A Seldonian algorithm ensures that for all \(i \in \{1,2,\dotsc,n\}\): $$\Pr(g_i(a(D))\leq 0)\geq 1-\delta_i.$$ That is, a Seldonian algorithm \(a\) ensures that for each of the \(n\) behavioral constraints, the probability that it outputs a solution that produces undesirable behavior as defined by \(g_i\) is at most \(\delta_i\). In other words, a Seldonian algorithm \(a\) returns, with high probability, a solution that does not break any of the behavioral constraints. An algorithm is quasi-Seldonian if it relies on reasonable but possibly false assumptions regarding the data being analyzed. These assumptions often appeal, for instance, to the central limit theorem, common in scientific research. More precisely, Seldonian algorithms often rely on concentration inequalities like Hoeffding's inequality (which makes no distributional assumptions other than boundedness), while quasi-Seldonian algorithms often rely on confidence intervals from Student's \(t\)-test or Efron's bootstrap methods.

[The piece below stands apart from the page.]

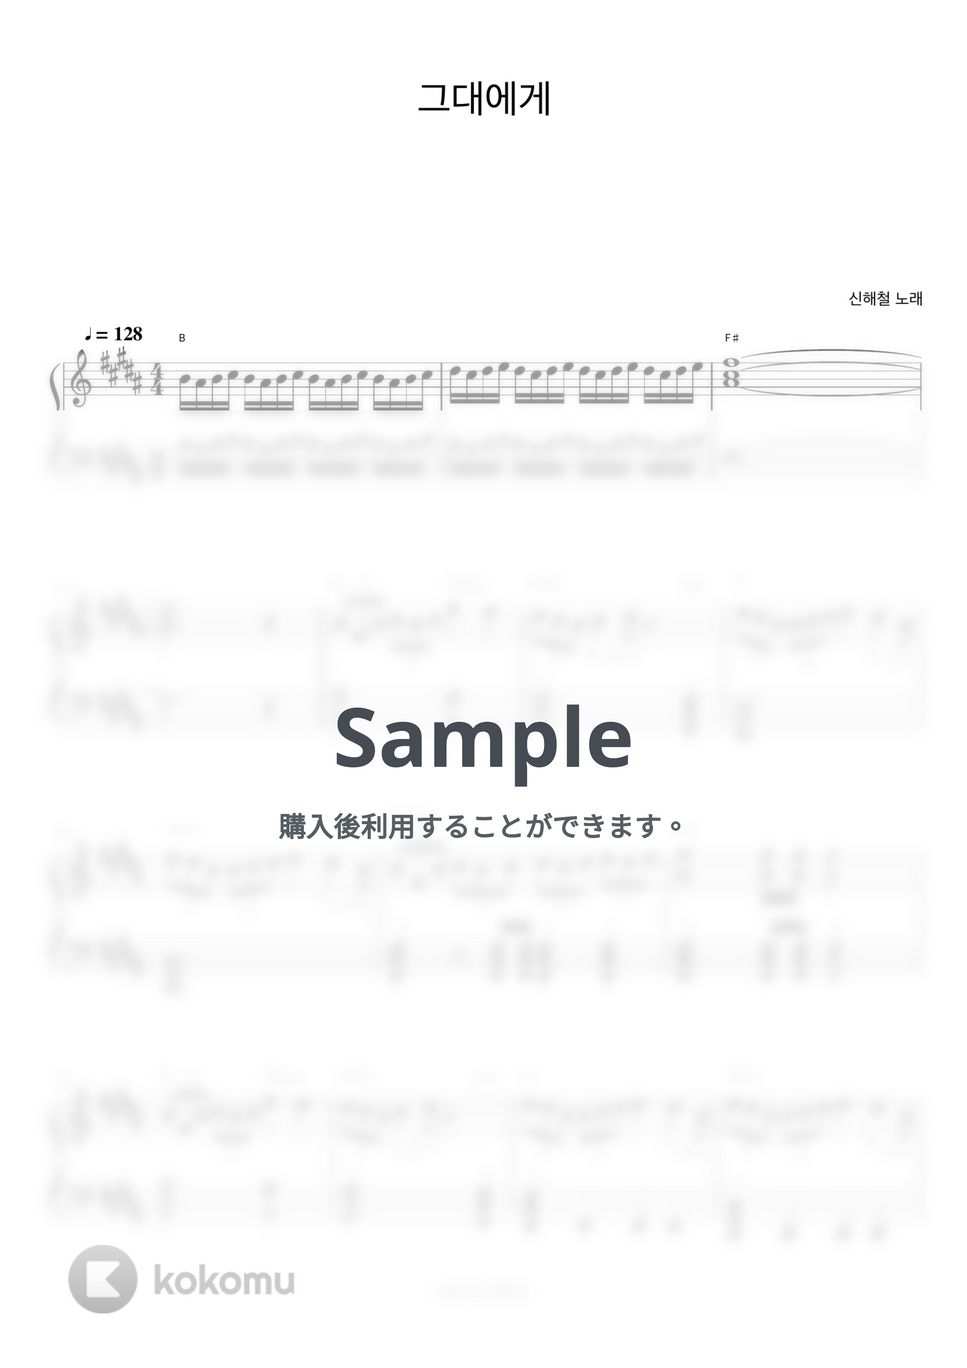 シン・ヘチョル - To You (ピアノ伴奏楽譜) by 피아노정류장

As discussed in the next section, the data scientist applying a Seldonian algorithm is free to select the appropriate definition of undesirable behavior for the application at hand. One consequence of giving the data scientist this freedom is that they can ask the impossible. That is, they can ask the algorithm to satisfy constraints that are impossible to satisfy (such as conflicting fairness constraints), or they can ask for very strong and very high-confidence constraints given very little data. In these cases, a Seldonian algorithm needs a way to say, "I cannot do that." This capability is provided by including a special solution, "No Solution Found" (NSF), within \(\Theta\) (the set of possible solutions) and by defining \(g(\text{NSF})=0\) so that it is always safe for a Seldonian algorithm to return NSF, alerting the data scientist that it was unable satisfy the provided constraints.

What is the Seldonian framework?


The Seldonian framework provides guidance for the creation of useful Seldonian algorithms. The most critical points are:

  • The user of the algorithm (typically a data scientist) should be able to select the definition of undesirable behavior. This means that the user of the algorithm must be able to choose the appropriate definition of \(g_i\) for their application.
  • The user of the algorithm should also be able to select the confidence level \(\delta_i\) that is appropriate for their application.
  • The designer of a Seldonian algorithm should therefore provide both A) the Seldonian algorithm itself, and B) an interface that the user can use to define \(g_i\) and \(\delta_i\) for each \(i\). The framework does not have any further requirements on the form of the interface. Examples of interfaces can include dropdown menus that allow users to select from multiple common definitions of fairness, systems that allow users to write equations that describe what it means for a solution to be safe or fair, and systems that allow users to label data (episodes in the reinforcement learning setting) to indicate whether undesirable behavior was present or not. Future interfaces could include natural language conversations with the user or the use of inverse reinforcement learning to infer the user's objective.
  • The designer of the algorithm should strive to make their algorithm and interface compatible with as many definitions of safety and fairness as possible. This is important because the designer does not know what problems their algorithm will be applied to, and therefore does not know the appropriate definitions of safety and fairness.
  • The designer of the algorithm should make their interface as simple to use as possible. This is important because machine learning algorithms are already used by people, including children, who are not experts in machine learning.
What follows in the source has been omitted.